- _Records for processing_

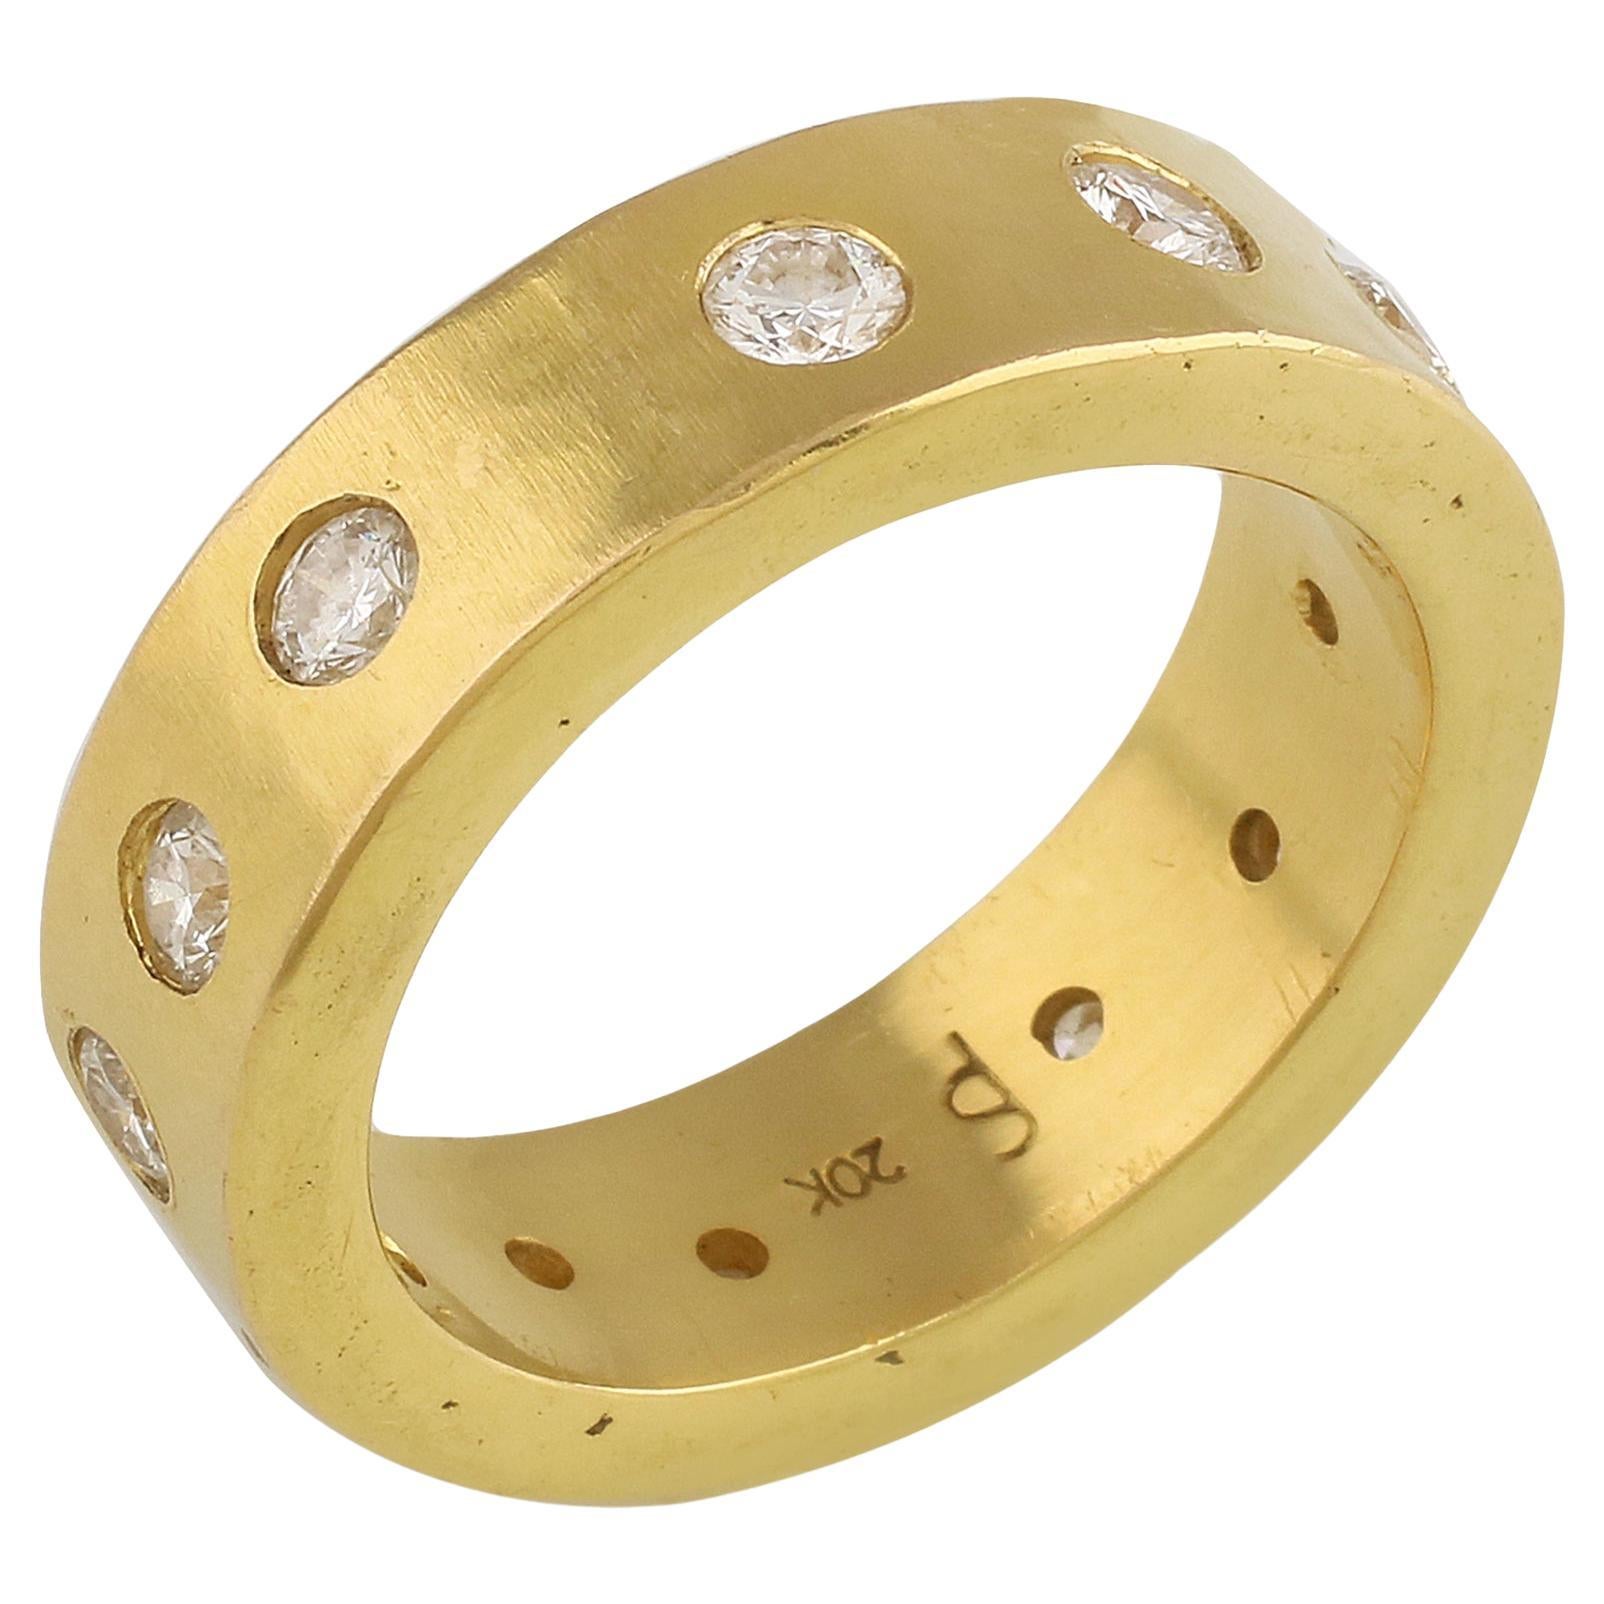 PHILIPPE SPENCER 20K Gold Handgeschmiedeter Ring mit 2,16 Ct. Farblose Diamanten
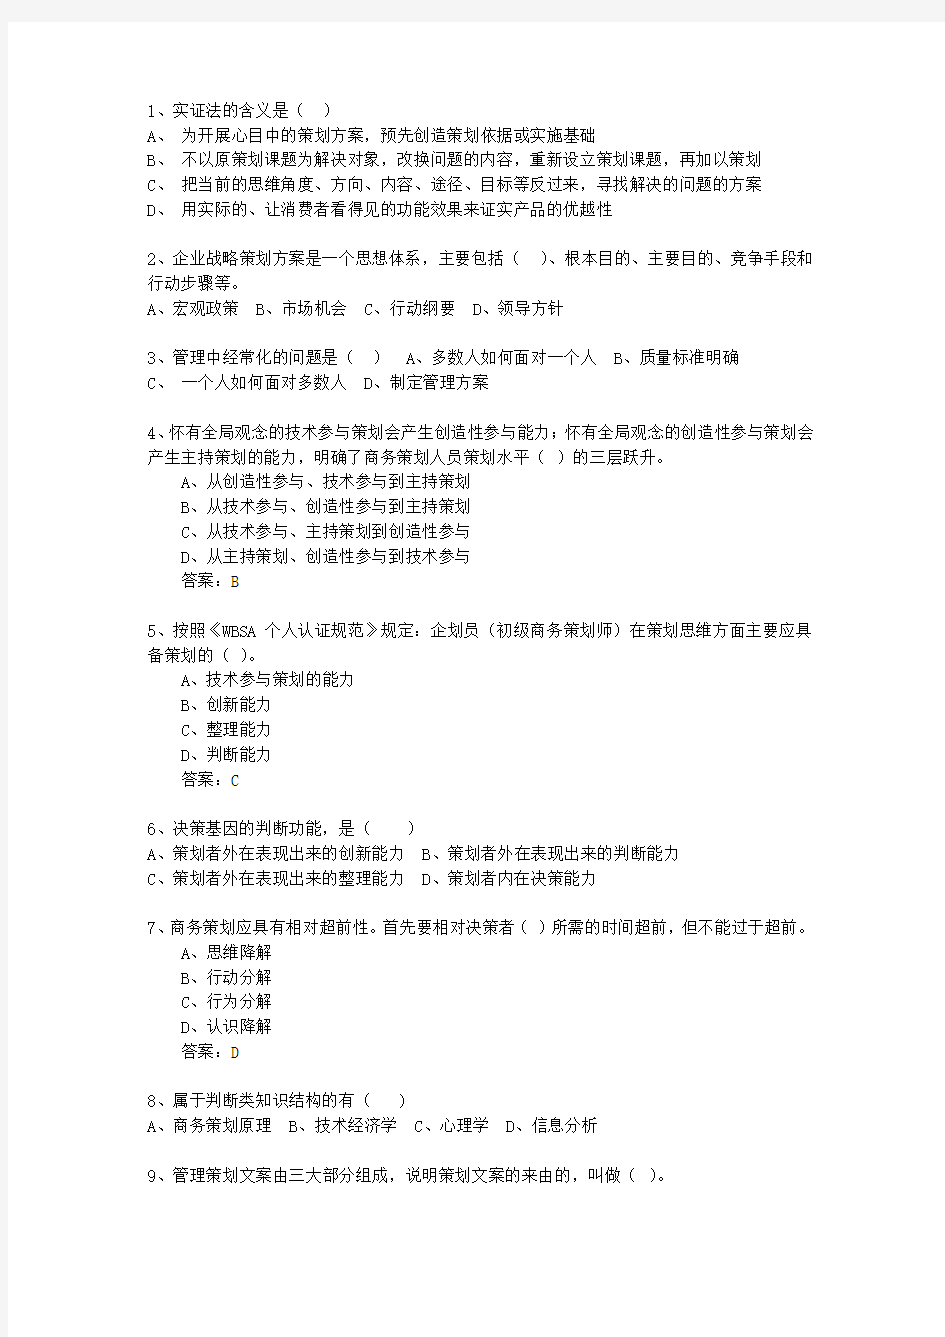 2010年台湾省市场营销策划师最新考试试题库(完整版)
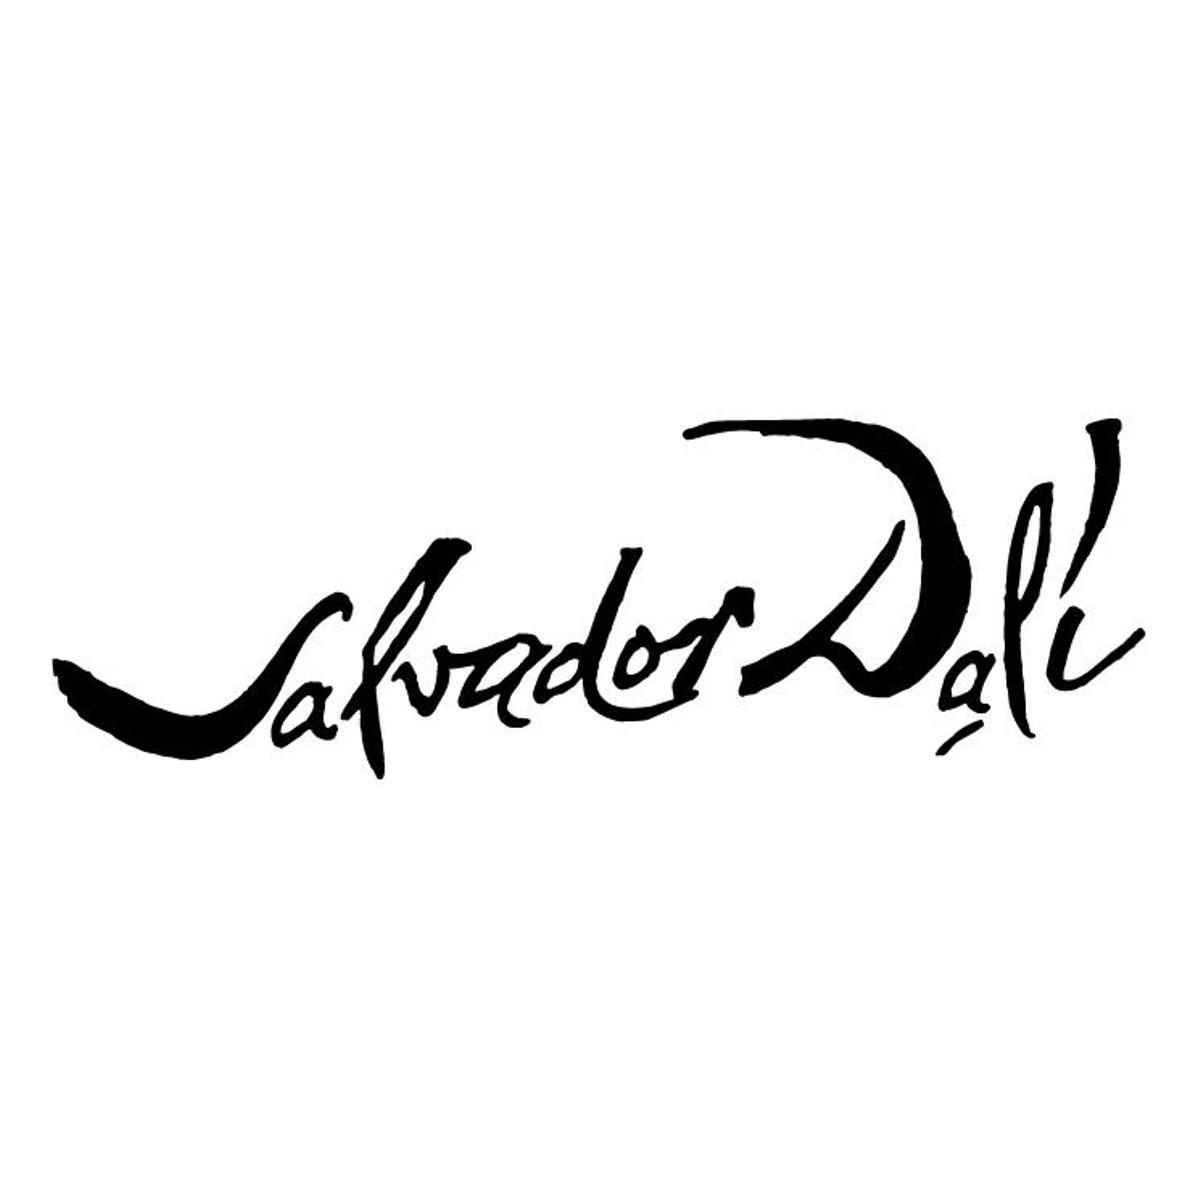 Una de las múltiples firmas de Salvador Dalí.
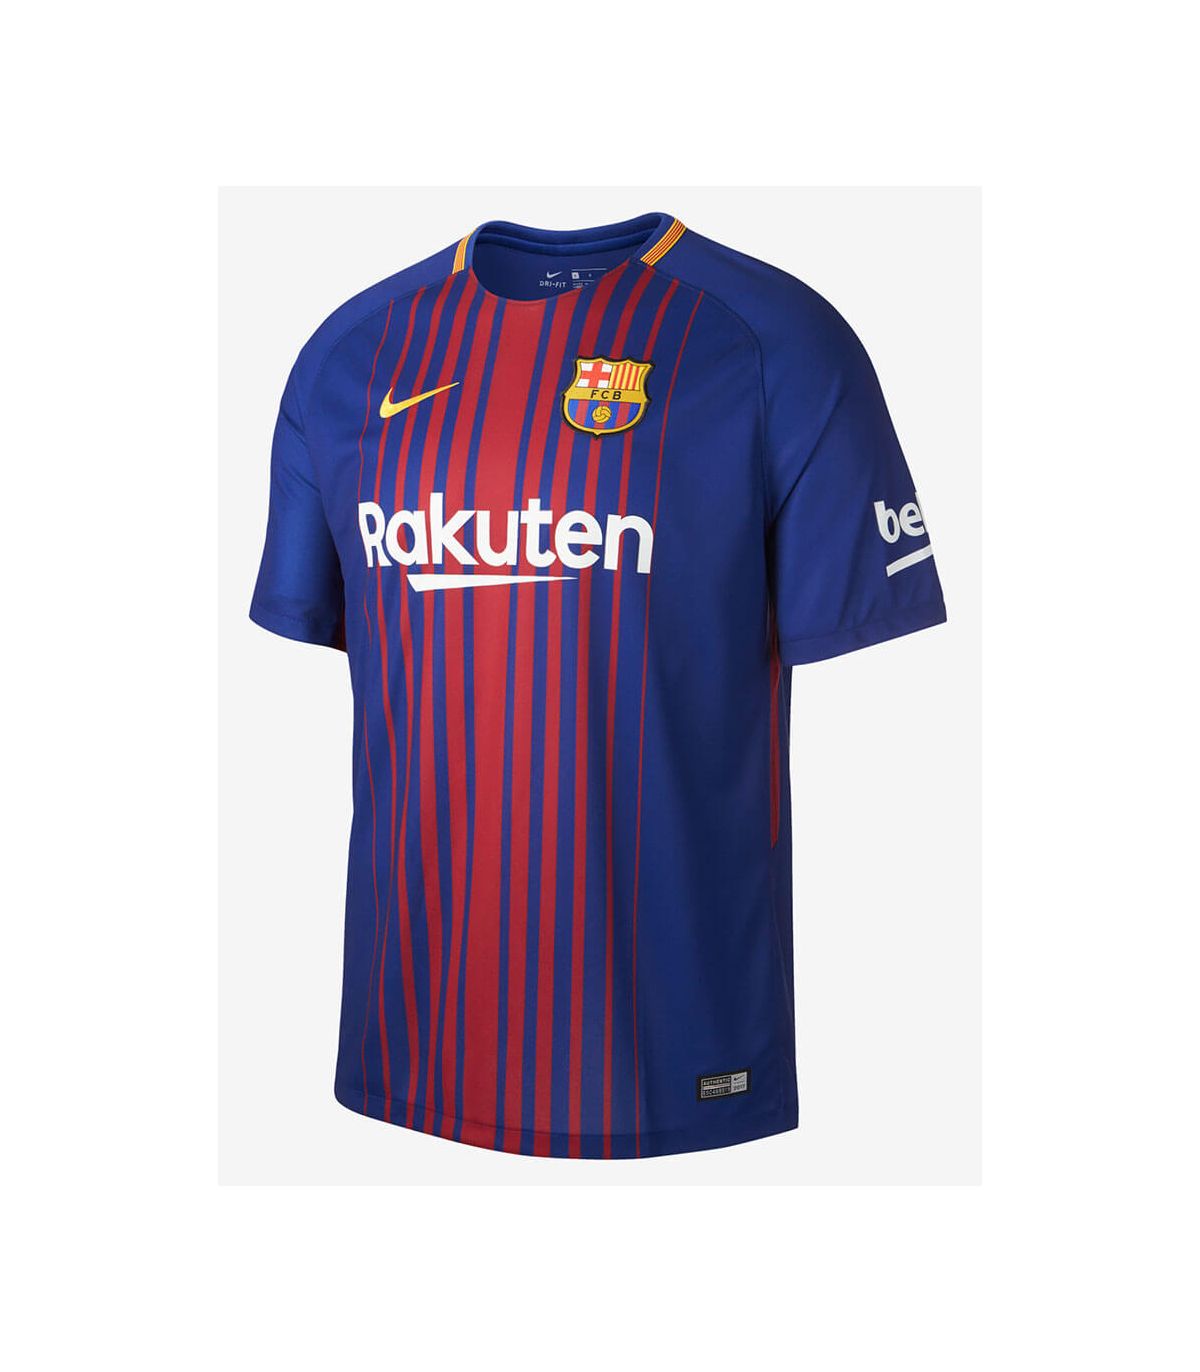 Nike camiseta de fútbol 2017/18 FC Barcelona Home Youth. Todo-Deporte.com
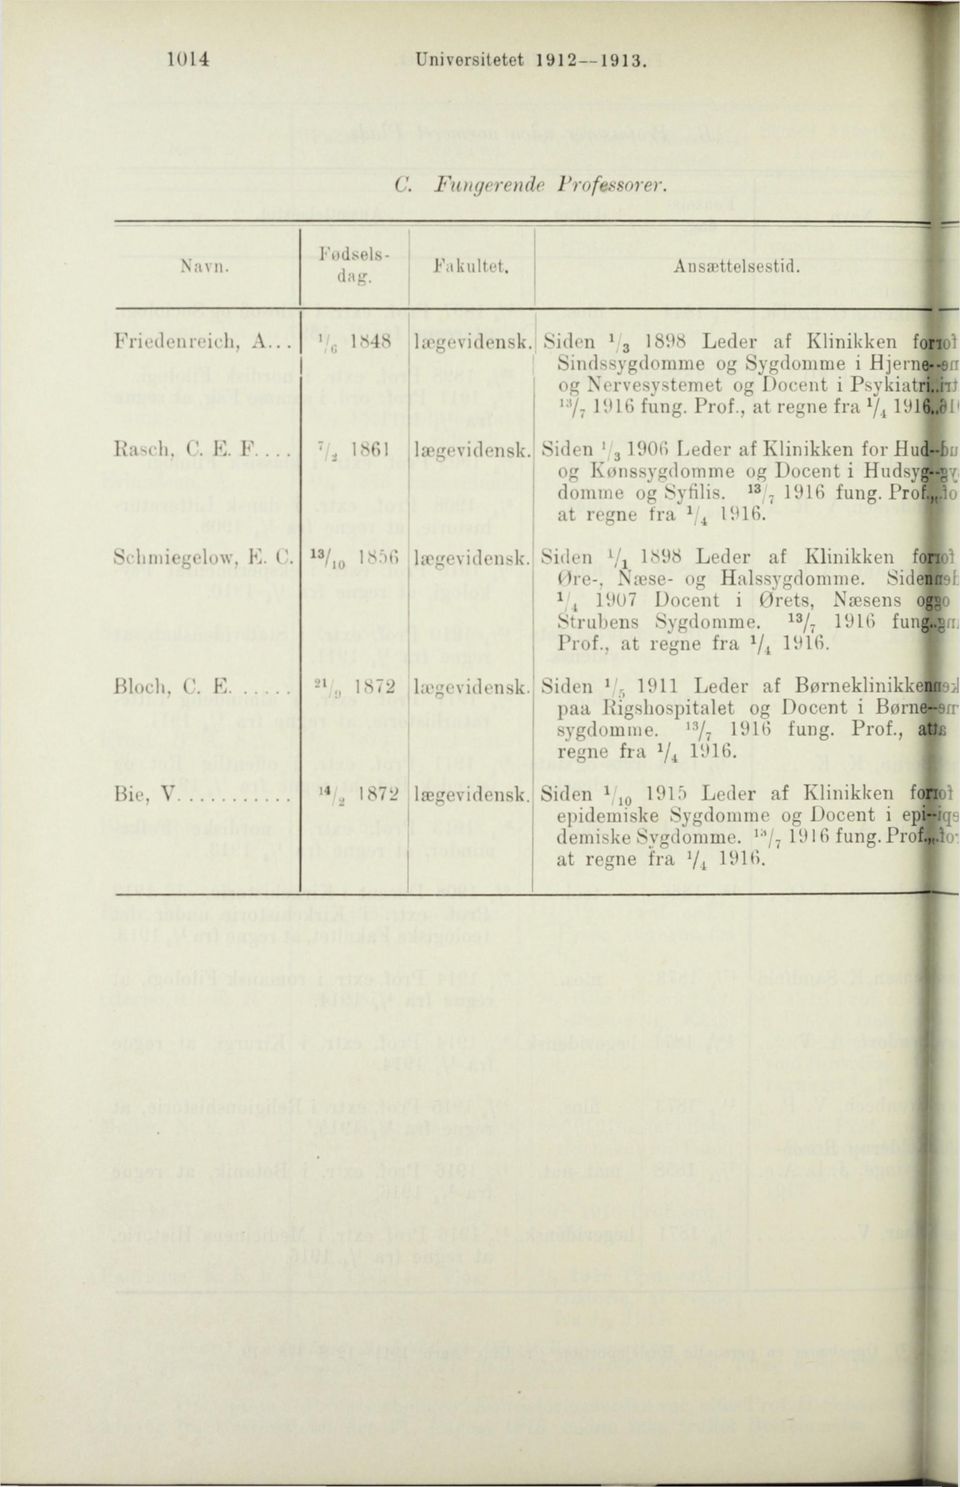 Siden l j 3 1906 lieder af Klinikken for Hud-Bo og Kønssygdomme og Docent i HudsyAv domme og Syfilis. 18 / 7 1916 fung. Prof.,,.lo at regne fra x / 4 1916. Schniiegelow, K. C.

- _What you will do_
Transcribe exactly the lines from the one with "Una de las múltiples" to the last line of the records, both included, so that no picture appears in the copy.

- _Your solution_
 Una de las múltiples firmas de Salvador Dalí.
 Nike camiseta de fútbol 2017/18 FC Barcelona Home Youth. Todo-Deporte.com
 Siden l j 3 1906 lieder af Klinikken for Hud-Bo og Kønssygdomme og Docent i HudsyAv domme og Syfilis. 18 / 7 1916 fung. Prof.,,.lo at regne fra x / 4 1916. Schniiegelow, K. C.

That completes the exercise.